Although maximum frame size may be an issue, setting a maximum (or
negotiating one) really doesn't help: Messages can be of arbitrary
length, and are assembled at the receiver from fragments by simply
appending the fragment data.

I can't imaging an implementation benefiting significantly from a
fragment size limit but no message size limit.  After all, it can just
append the bytes to the message as it receives them.

Now a maximum *message* size might be interesting.

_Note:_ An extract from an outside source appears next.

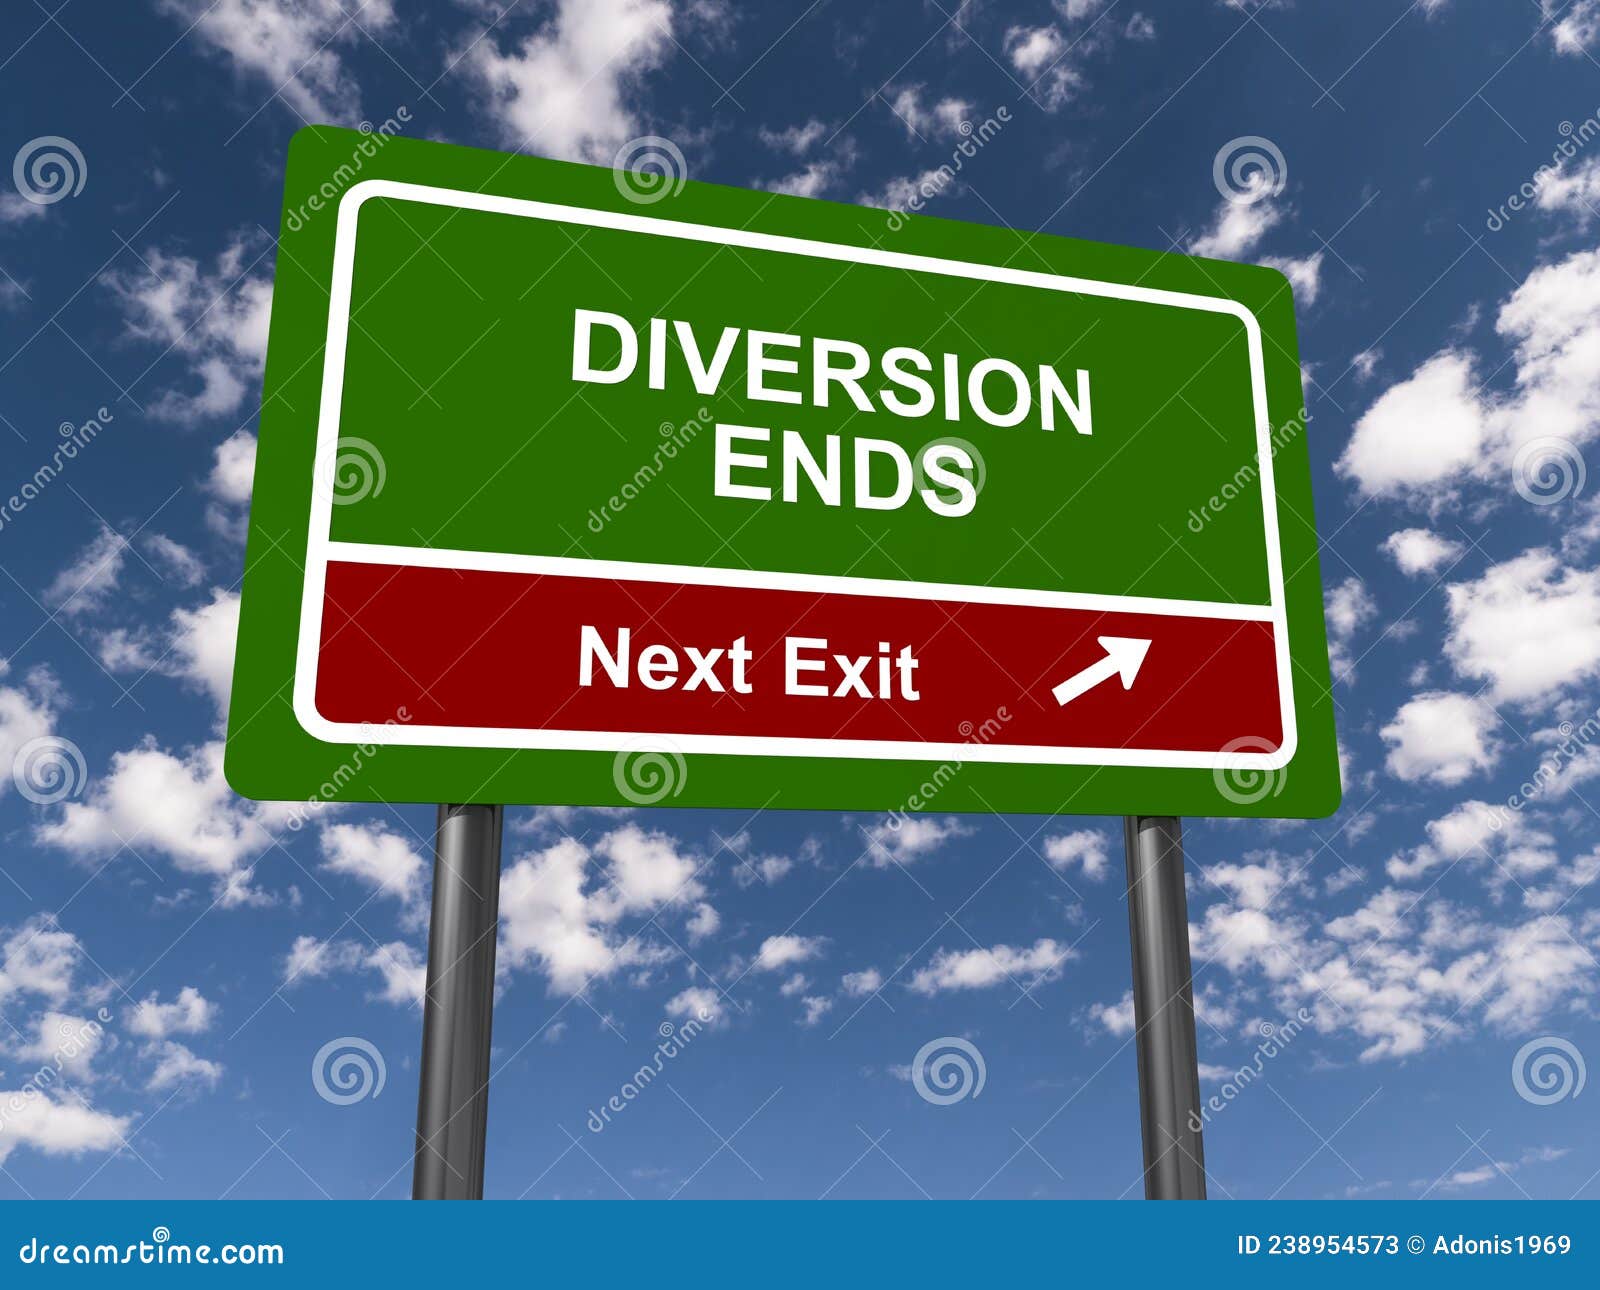 diversion ends traffic sign

That has the same problem at the next level: The WebSocket API,
anyway, requires received messages to be *queued* as events to be
processed.

So even if you limit the message size, you can receive any number of
messages into the queue and overflow memory that way.

It is not made clear, but I presume that web browsers in this
condition will either abort the connection or stop reading and thereby
use TCP flow control to block the sender.

That's quite an unfortunate condition to get into, because it breaks
"graceful close" and other kinds of control messages.

So even limiting fragment size and message size does not prevent
awkward "too much" conditions from occurring.

(I'll obliquely mention flow control as a possible answer...)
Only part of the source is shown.